[About this task]
The copy has to match the data exactly and leave out every picture.

Data segment below:

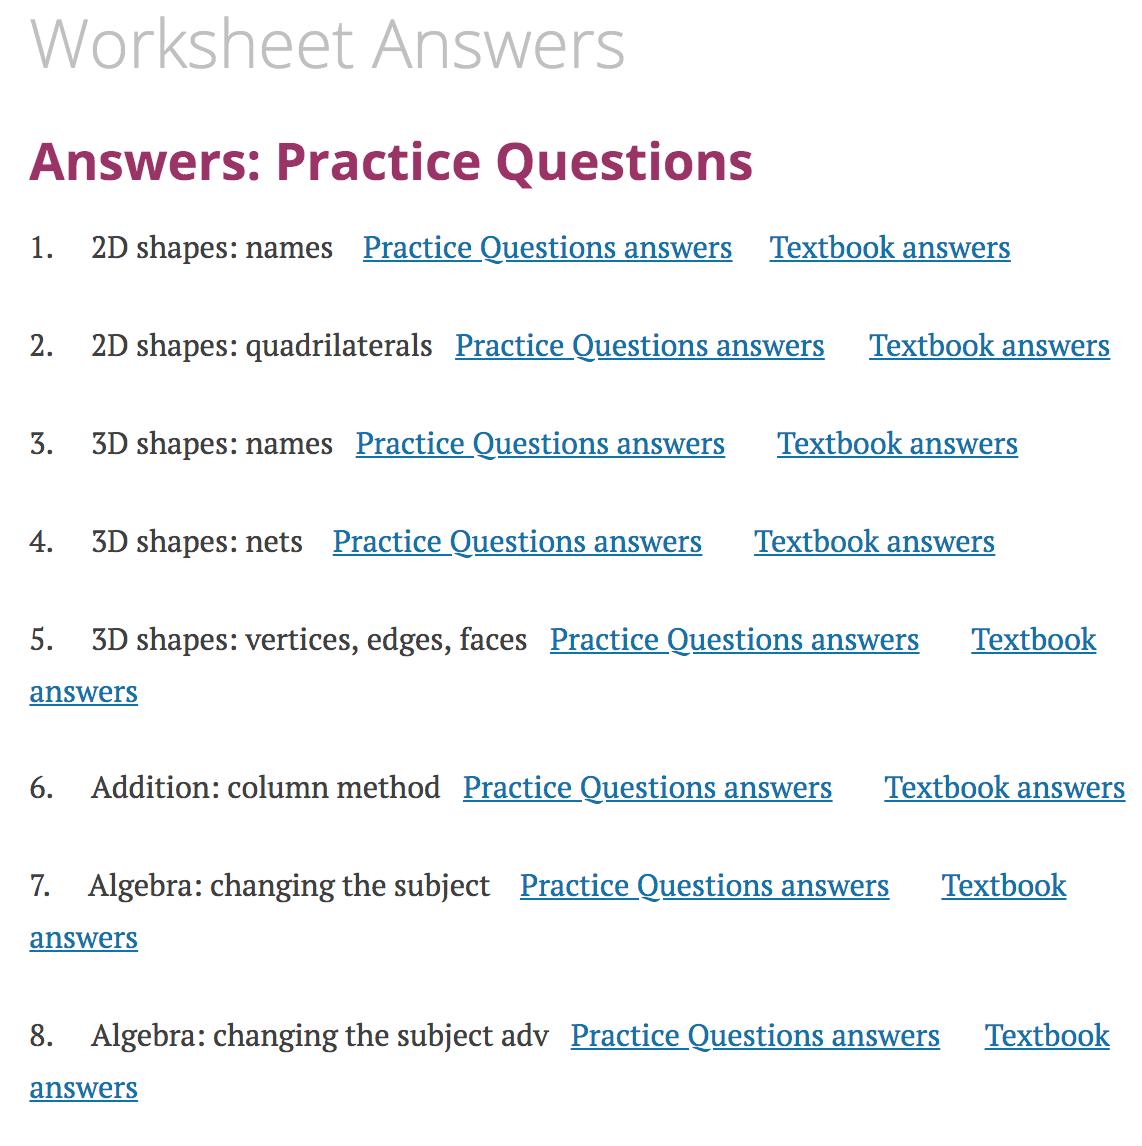 Worksheet Answers Corbettmaths [ 1146 x 1142 Pixel ]
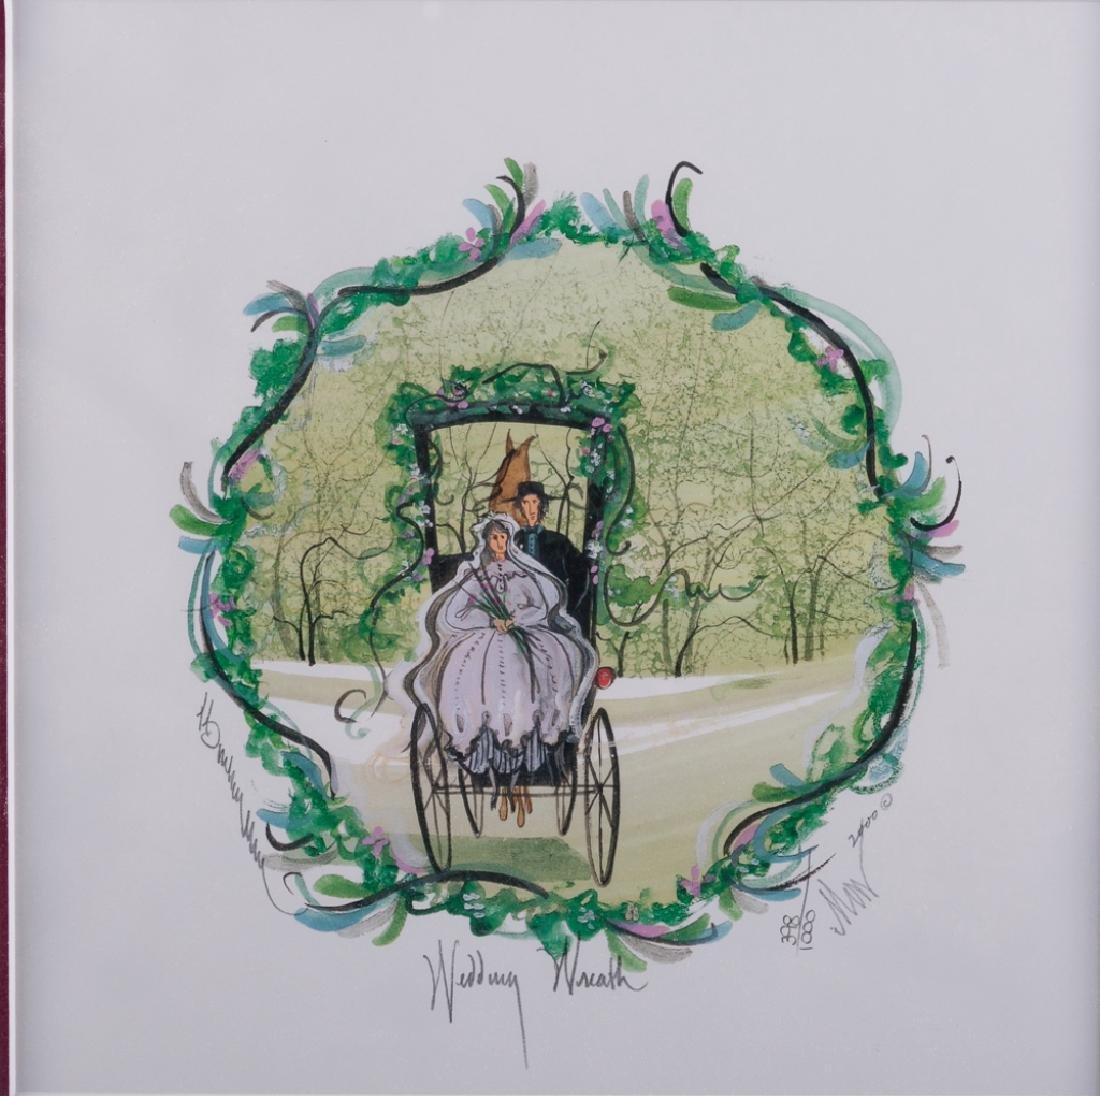 "P. Buckley Moss ""Wedding Wreath"" 398/1000"
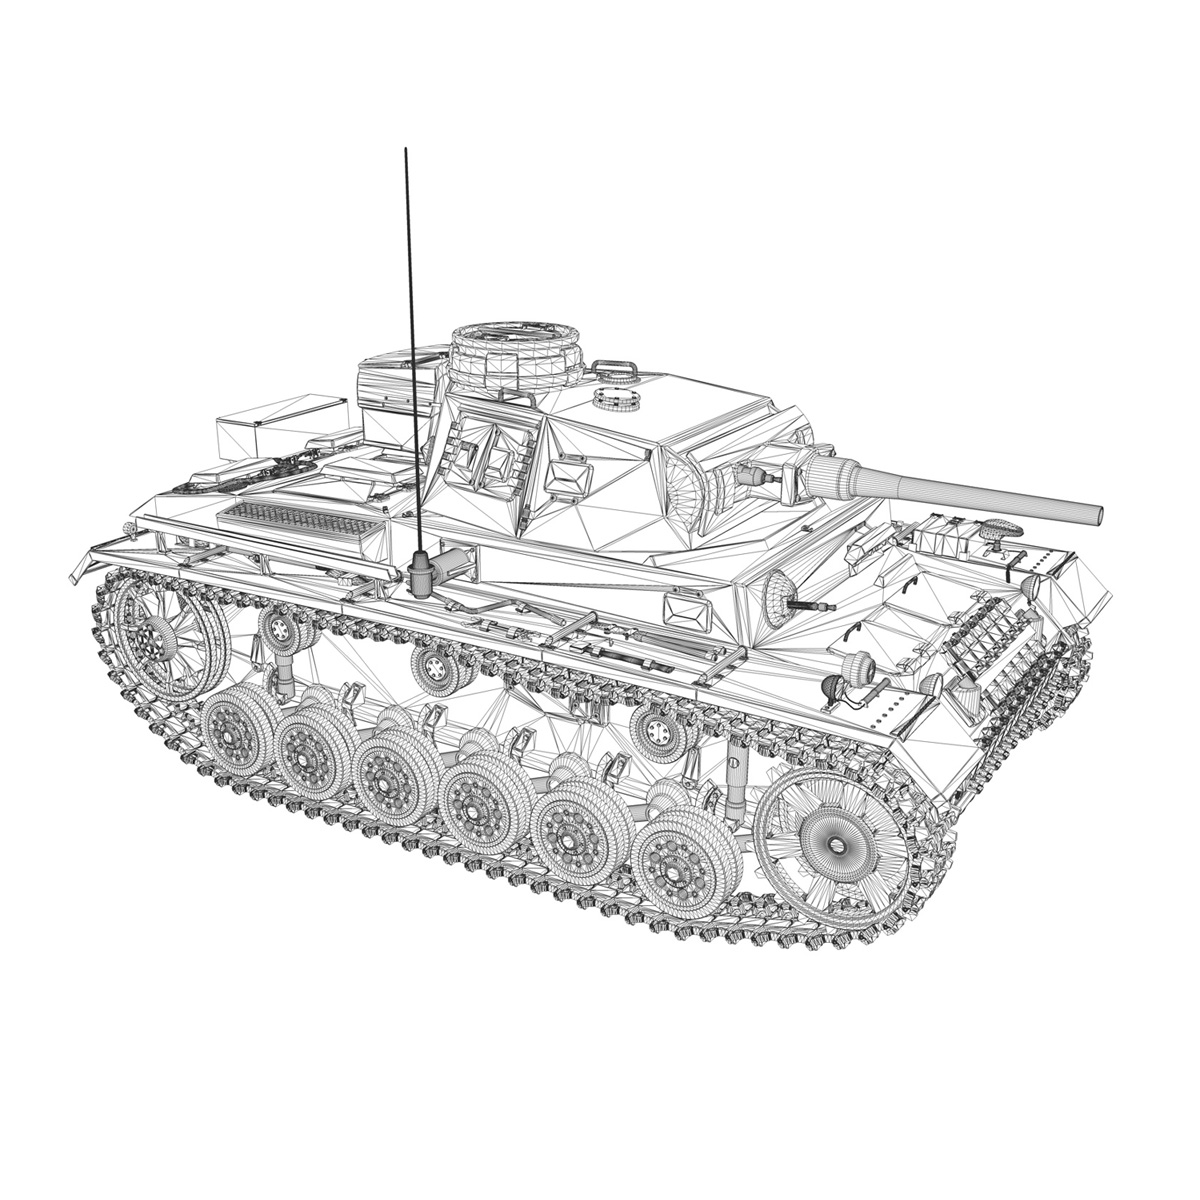 pzkpfw iii – panzer 3 – ausf.j – 1k 3d model lwo lw lws obj c4d 3ds fbx 266455

End of Data segment.

[Response to this exercise]
 Worksheet Answers Corbettmaths [ 1146 x 1142 Pixel ]
 "P. Buckley Moss ""Wedding Wreath"" 398/1000"
 pzkpfw iii – panzer 3 – ausf.j – 1k 3d model lwo lw lws obj c4d 3ds fbx 266455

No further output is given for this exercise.